A feasible gene-therapeutic approach might involve the manipulation of genes that could ultimately bring about the death of a cancer cell. "Suicide" gene therapy, an example of strategy B, could be used to achieve this goal. It involves the transfection of a gene responsible for the production of an enzyme that converts an otherwise benign substance (prodrug) into a toxic agent that kills the cancer cells. Most of the enzymes used in suicide gene therapy are not normally encoded by mammalian cells but originate from viruses, bacteria, or fungi, and thus, are foreign to the transfected malignant mammalian cell. Specifically, we have employed, as our suicide gene therapy, the HSV-tk gene. The vehicle to transfer this gene is a replication-defective adenovirus. This is then followed by administration of antiherpetic agents, such as ganciclovir, acyclovir, or valacyclovir.
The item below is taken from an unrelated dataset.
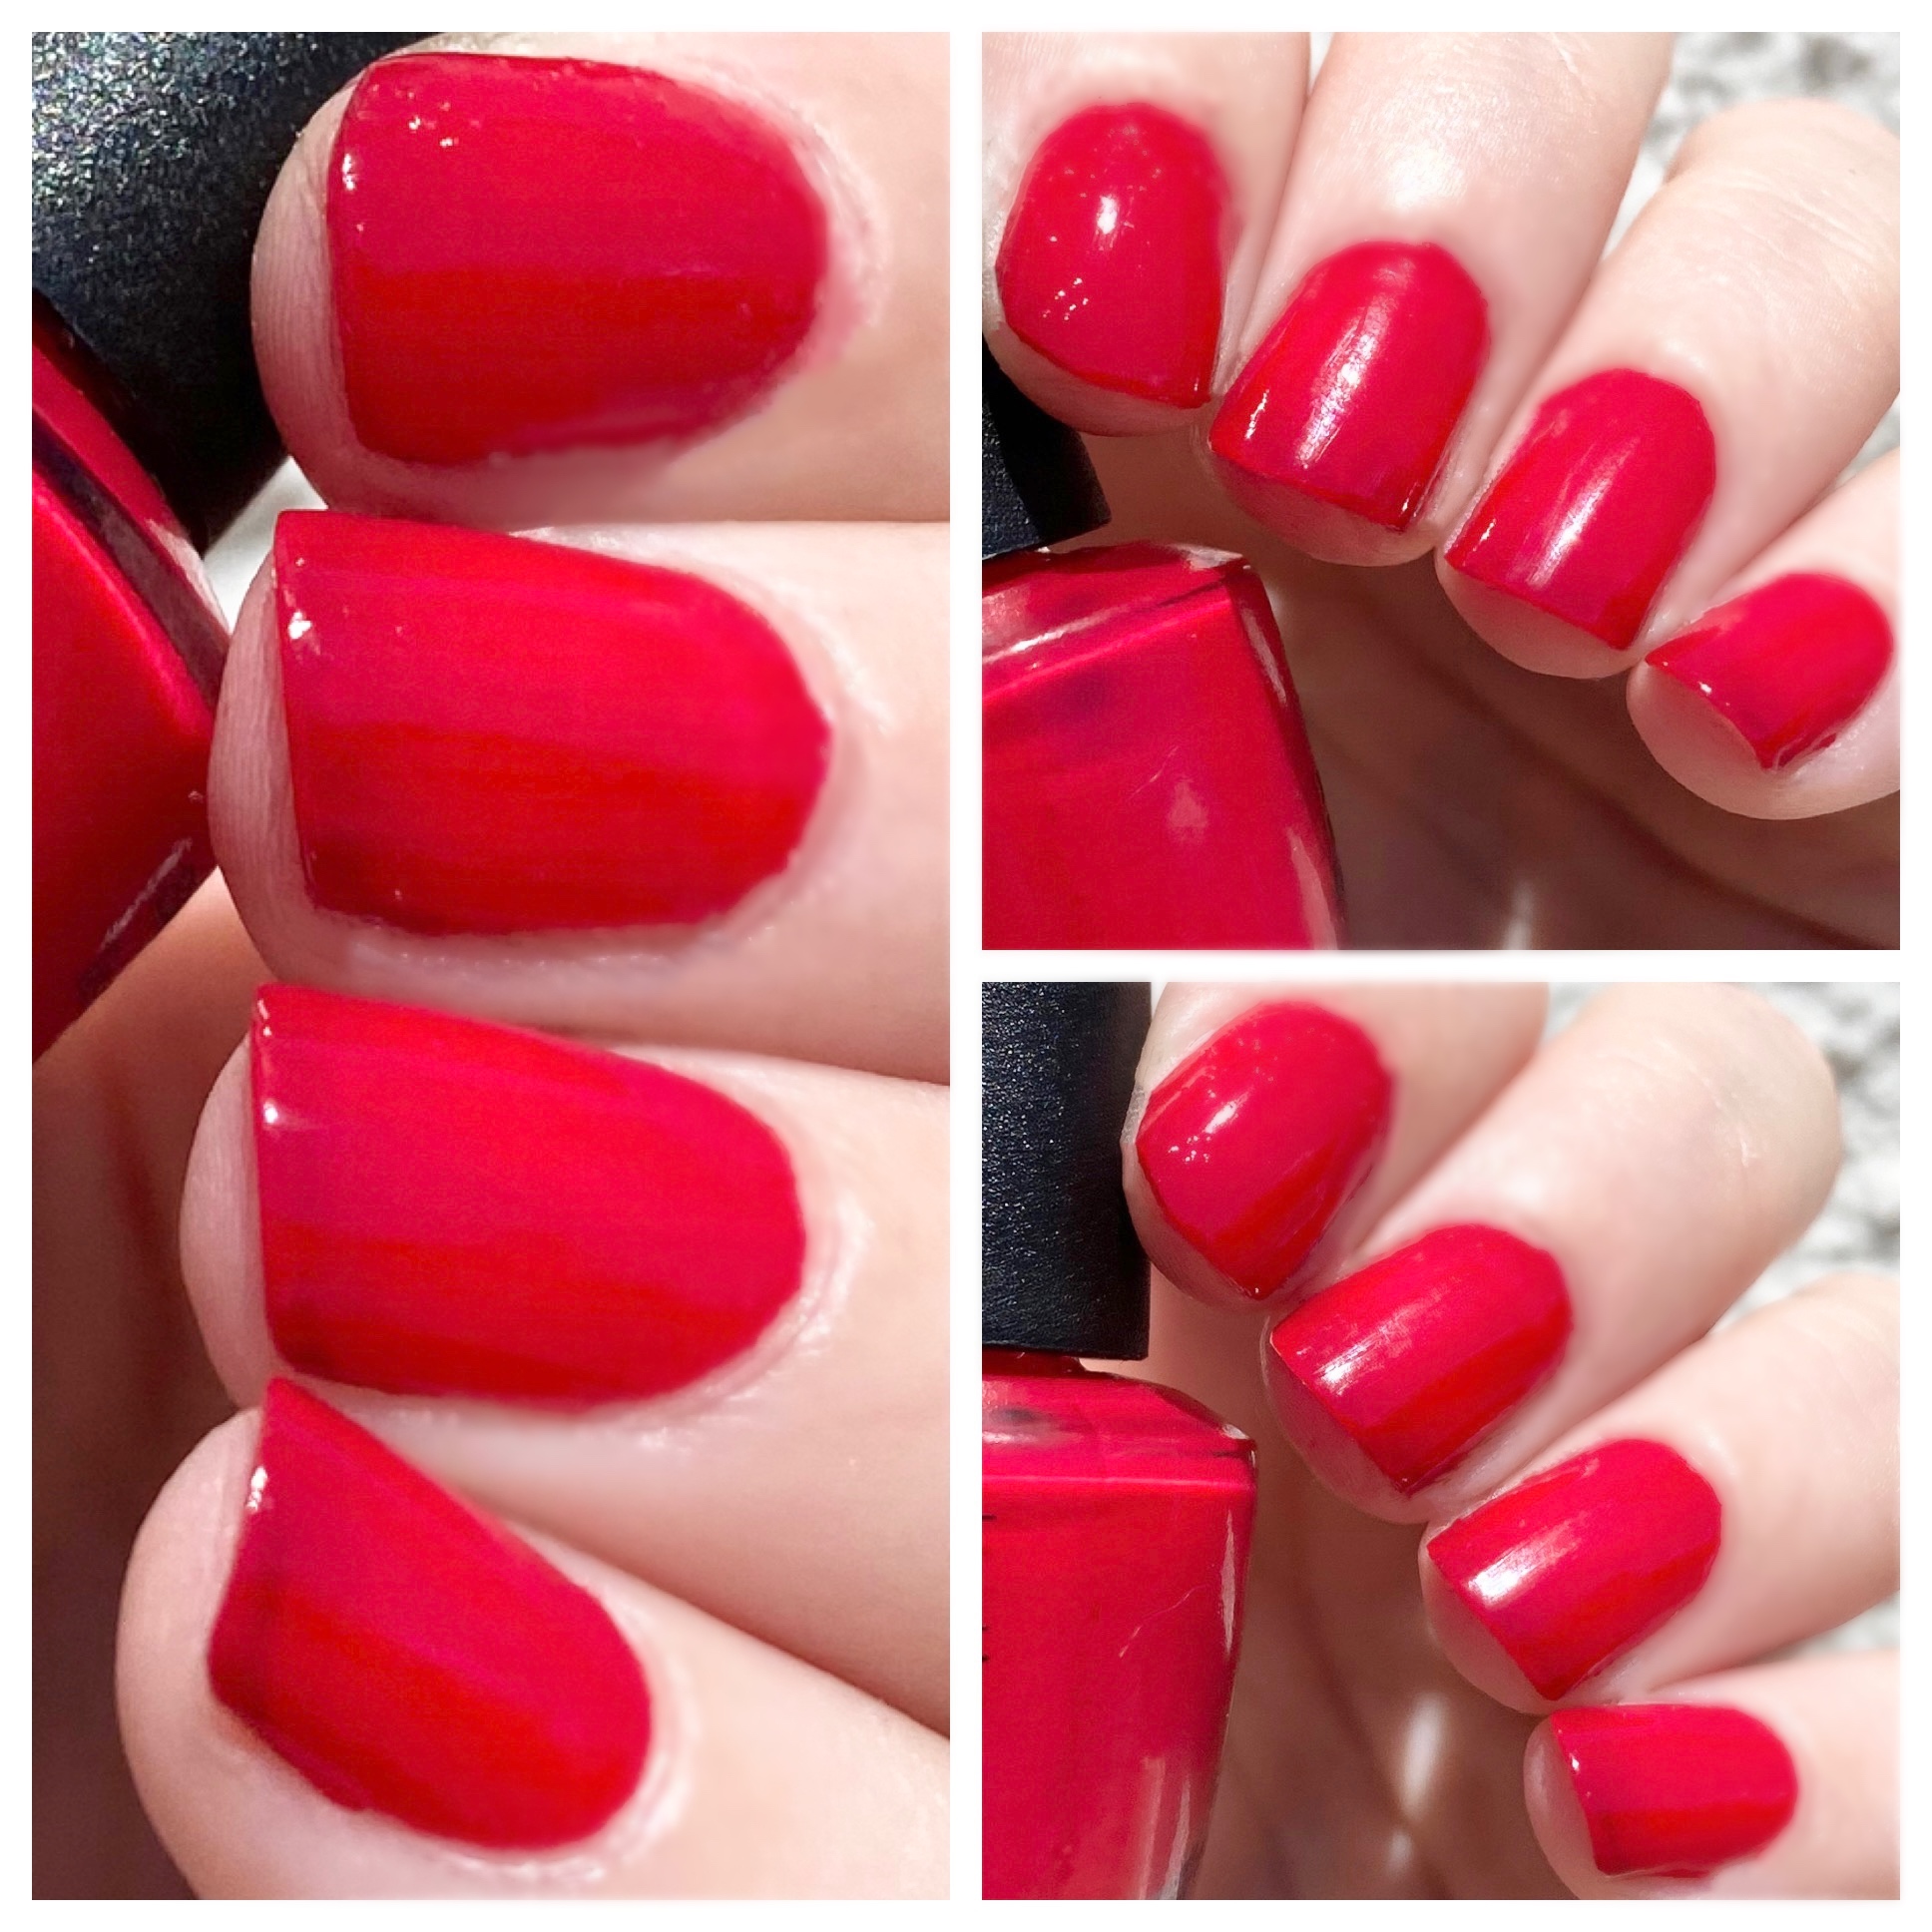 OPI, Bath & Body, Opi Candy Apple Red

These prodrugs are poor substrates for mammalian thymidine kinases, but are phosphorylated into effective cytotoxic drugs by HSV-tk [17, 18]. The phosphorylated drugs are nucleotide analogues, which are incorporated into DNA during cell division, leading to termination of DNA replication and cell death [19]. Moreover, the number of cells killed significantly exceeds the number of cells transduced with HSV-tk gene, a phenomenon known as the "bystander effect" [20]. The "bystander effect" may be caused by a number of possible mechanisms: A) passage of toxic metabolites produced in the transduced cells across gap junctions into neighboring cells; B) damaged, suicide-gene-containing cells release of soluble toxic substances into the microenvironment, or C) a local immune response elicited by cytokines released locally by those cells killed by the suicide-gene system. This further attracts immunocytes into the tumor, mediating an antitumor response.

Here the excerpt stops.